Como seres humanos que somos, sentimos. Podemos elegir el camino del odio o el del amor, la decisión de qué sendero tomar depende de nosotros y de hacer oídos sordos a las presiones de las personas que nos rodean y pretenden condicionarnos con sus propios pensamientos y decisiones. Podemos elegir el camino del rechazo al prójimo o el de la aceptación basada en el entendimiento mutuo, en un amor recíproco capaz de mover masas aunque a día de hoy los engranajes del mundo se muevan con el estallido de las bombas y el sonido de las armas de fuego.

El odio solo genera más odio, confusión y ceguera. Es esa venda que nos impide ver la realidad y acercarnos a ella, a veces por miedo a no querer descubrir lo nuevo y desconocido, el rechazo a escuchar a los que siendo diferentes son iguales a nosotros. Pero el amor, el amor es esa fuerza invisible que podemos llegar a materializar en nuestro planeta a través de gestos de fraternidad y solidaridad que sean simples palabras impresas del lema “Egalité, solidarité, fraternité”. Si no creemos en ese mensaje y no lo llevamos a la práctica, no son más que palabras vacías que se lleva el viento, una realidad posible que nos empeñamos en convertir en utopía. Igualdad, solidaridad y fraternidad tienen que ser el medio y el fin.

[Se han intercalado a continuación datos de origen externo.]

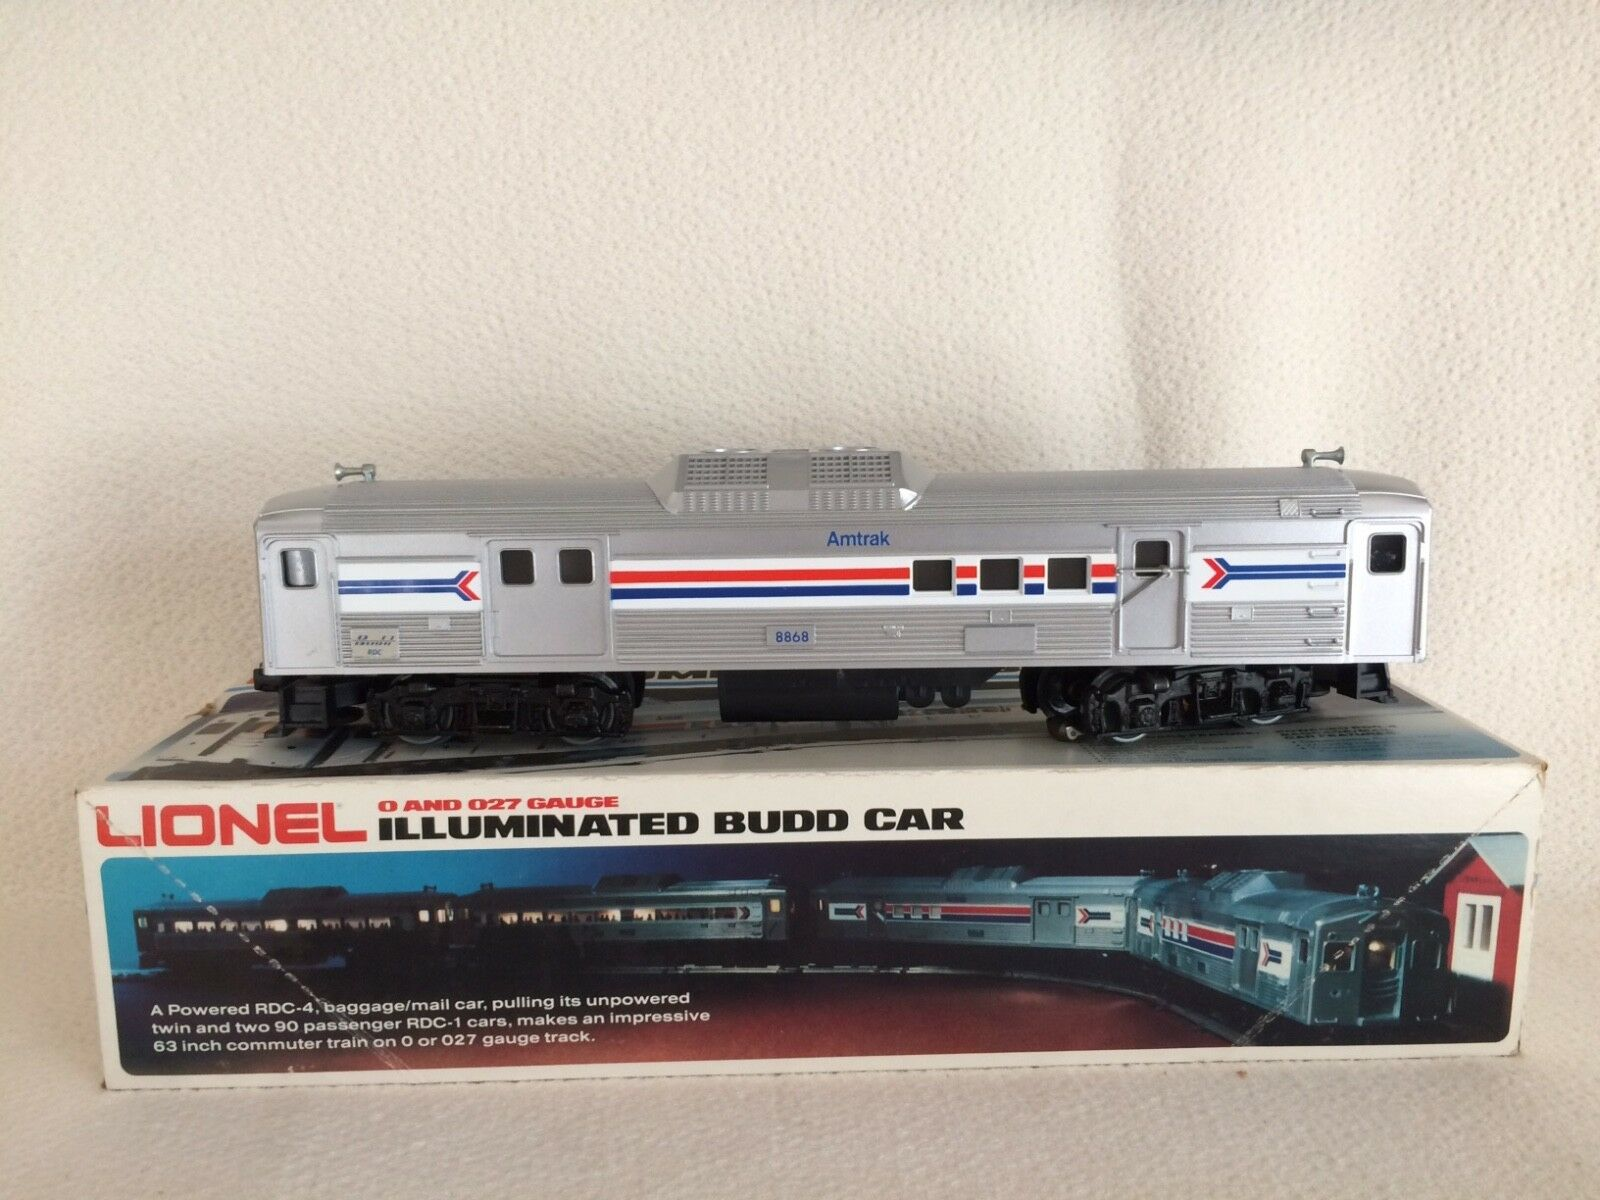 Lionel 1978 Amtrak Illuminated Budd Baggage Mail Car  8868 MINT

La bondad y la valentía fueron los dos motores que llevaron a un musulmán de París a plantarse en la Plaza de la República y, con ojos vendados, ofrecer abrazos a aquellos dispuestos a acercarse a él. Su mensaje: “soy musulmán pero no terrorista”. Fueron muchas las personas que confiaron en él y lo arroparon entre sus brazos, una lección de confianza mutua y de fraternidad en una de las zonas más transitadas de París y lugar que fue testigo del miedo vivido el pasado viernes 13 de noviembre.

Pero nosotros podemos elegir si hacer de ese miedo nuestra constante de vida. Y él fue de las personas dispuestas a seguir con su día a día, no dejar de lado la rutina por la política del terror. Aunque tampoco olvida y por eso quiso dar una lección a todas aquellas personas que desde la semana pasada se dedican a señalar con el dedo a todo hombre con aspecto de árabe y a toda mujer con velo.

Me reconforta saber que pese a los mensajes sangrantes e islamófobos que han inundado las redes sociales, Place de la République estaba llena de gente dispuesta a abrazar al valiente y grabarlo para compartir su mensaje con los que no se encontraban allí. Un abrazo puede parecer un pequeño gesto, quizás porque subestimamos su poder.